Efforts to form an artillery battalion in the newly re-established Republic of Estonia started taking shape in 1996, when a working group, called "Viro projekti" (Estonian project), was established under the Finnish Defence Command to assist the development of Estonian Defence Forces. Reserve colonel Jouko Kivimäki was chosen to assist the restoration and development of the artillery unit. Formation of the unit was not easy, because there were very few officers available, infrastructure was severely lacking and there was almost no necessary equipment. Due to these limitations, the first soldiers started receiving training in Finland in September 1997. By early 1998, the soldiers had completed their training. Finnish Defence Forces also donated various equipment, including 105 mm H61-37 howitzers, which arrived between December 1997 to February 1998.

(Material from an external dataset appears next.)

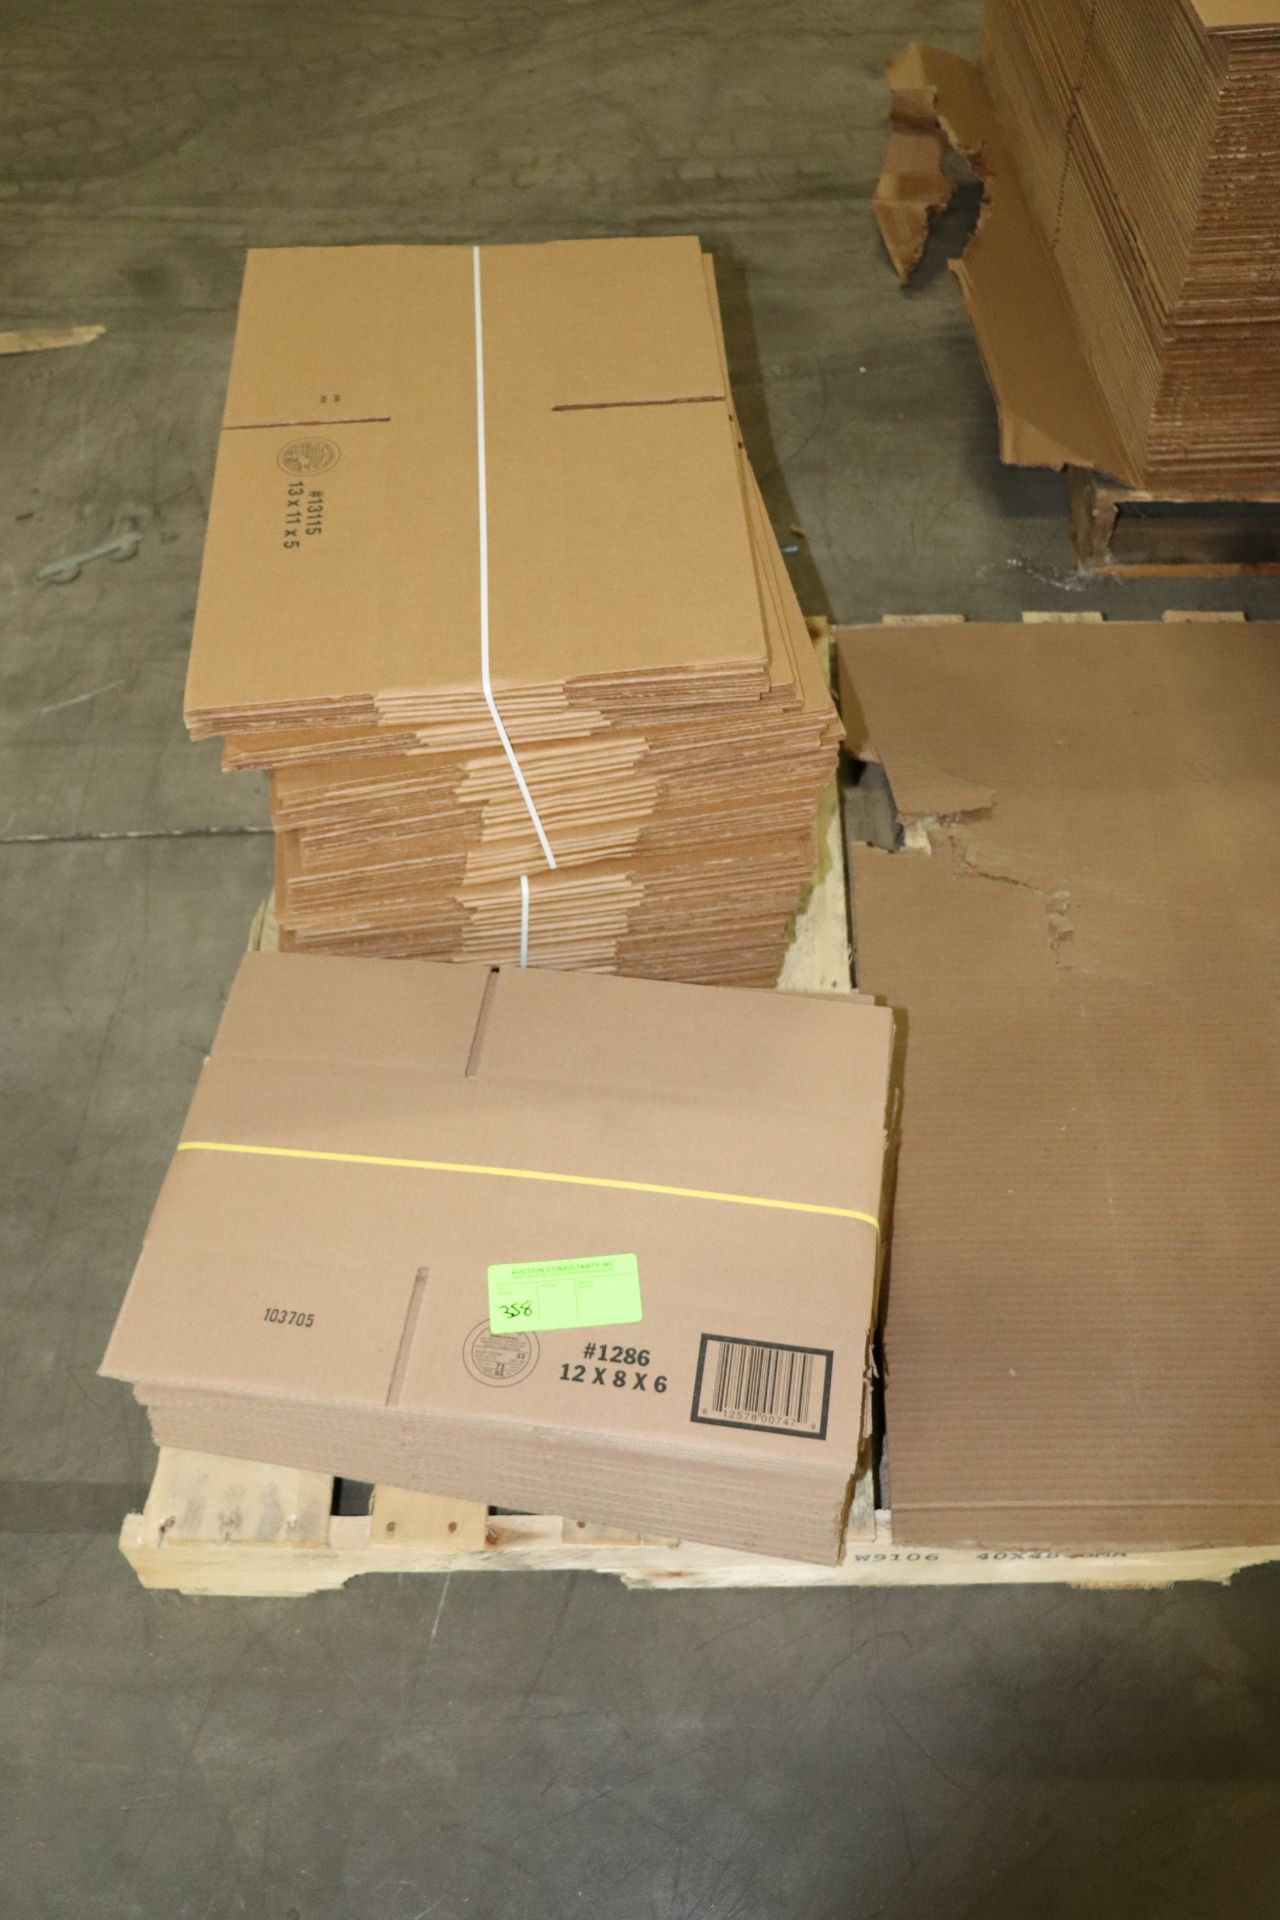 Pallet of boxes, 12" x 8" x 6" and 13" x 11" x 5"

The unit was officially restored on 20 March 1998, when the Northern Separate Infantry Battalion was transformed into the Artillery Group. The unit received its flag on 20 March 2001. On 1 February 2003, the unit was subordinated to the Tapa Training Center. Between 2003–2004, the Artillery Group received 155 mm FH-70 howitzers from Germany, and in 2008, it received 122 mm howitzers from Finland, which replaced the old 105 mm howitzers. On 1 July 2008, the unit was transferred under the North-Eastern Regional Defence Command. On 1 January 2009, the Artillery Group was renamed the Artillery Battalion. On 1 August 2014, the battalion was made part of the 1st Infantry Brigade. As of 2014, the Artillery Battalion consisted of a headquarters, headquarters and support battery, artillery school, and a fires battery. As of 2023, the battalion reported directly to the headquarters of the Estonian Division.

The battalion is currently being re-equipped with 18 K9 Thunder self-propelled howitzers with full combat readiness projected to be achieved by 2026.

In the middle of the 2025, an artillery regiment was created to replace the artillery battalion. Creating a regiment strengthens the unit's capabilities and enhances training.